3. Paragraphs 79 & 80 of the apex court's judgment read as under:

79. Under the Central Excise Act, 1944 in definition of words "excisable goods" under Section 2(d), the very specification or inclusion of goods in the First and Second Schedule of the Central Excise Tariff Act would make them excisable goods subject to duty. Under the Customs Act, the provisions seem to be somewhat different. While by virtue of Section 2(22) all kinds of movable property would be 'goods' but it is only those goods which would be regarded as 'dutiable goods' under Section 2(14) which are chargeable to duty and on which duty has not been paid. The expression "chargeable to duty on which duty has not been paid" indicates that goods on which duty has been paid or on which no duty is leviable, and therefore no duty is payable, will not be regarded as 'dutiable goods'. It is only if payment of duty is outstanding or leviable that goods will be regarded as dutiable goods."
80. Section 12 of Customs Act provides that the duties of customs shall be levied at such rates as may be specified under the Customs Tariff Act. When the Customs Tariff Act itself provides that the import of drawings and designs under Heading No. 49.06 is 'free', it must follow that these drawings and designs, though goods, were not chargeable to duty.
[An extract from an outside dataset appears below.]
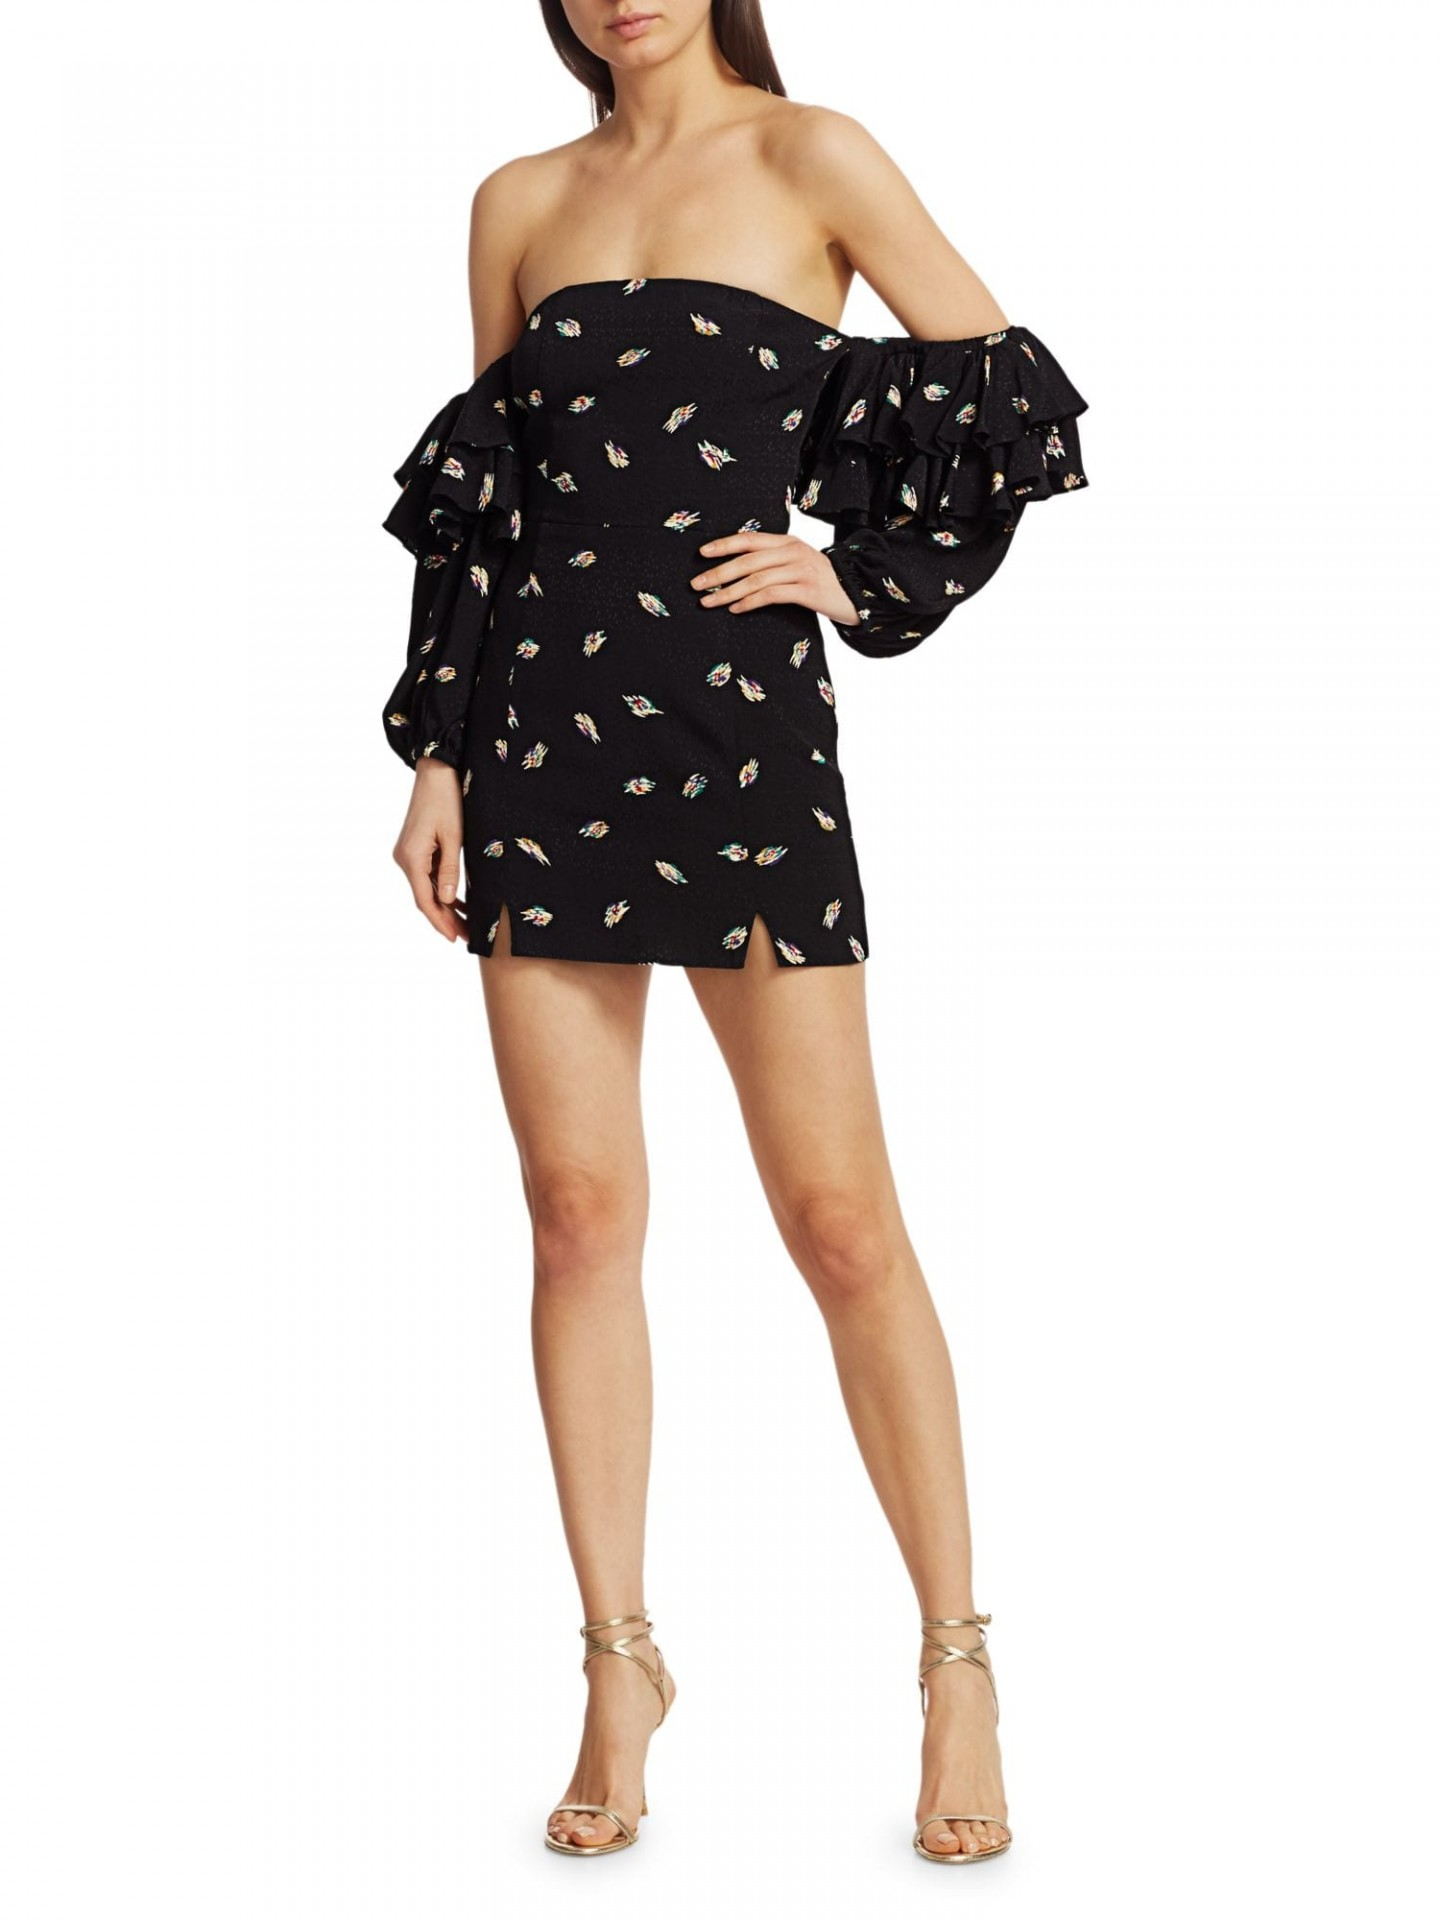 ROTATE BIRGER CHRISTENSEN Bethany Floral Off-the-Shoulder Tier-Ruffle Mini Sheath Dress

In view of the difference in the language of the Excise and Customs Acts, the decisions in the cases of Vazir Sultan and Wallace Flour Mills (supra) may not be very apposite and if no customs duty is chargeable either by reason of tariff not providing for it or because of the exemption notification, those goods will not be regarded as dutiable goods "on which duty has not been paid". It is sufficient in the present case to observe that the drawings and designs which were imported by the appellant were correctly classifiable under Heading No. 49.06 and the tariff itself providing that the import of the same is free, the said drawings and designs were not dutiable articles and, therefore, no customs duty was leviable thereon even as a part of the passenger baggage. On this short ground alone the appeal of Videocon has to be allowed.

4. In the view we have taken, which has the apex court's approval, the penalty imposed on the appellants by the Commissioner under Section 112(a) of the Customs Act has to be vacated and we do so.

5. In the result, the appeal is allowed in part.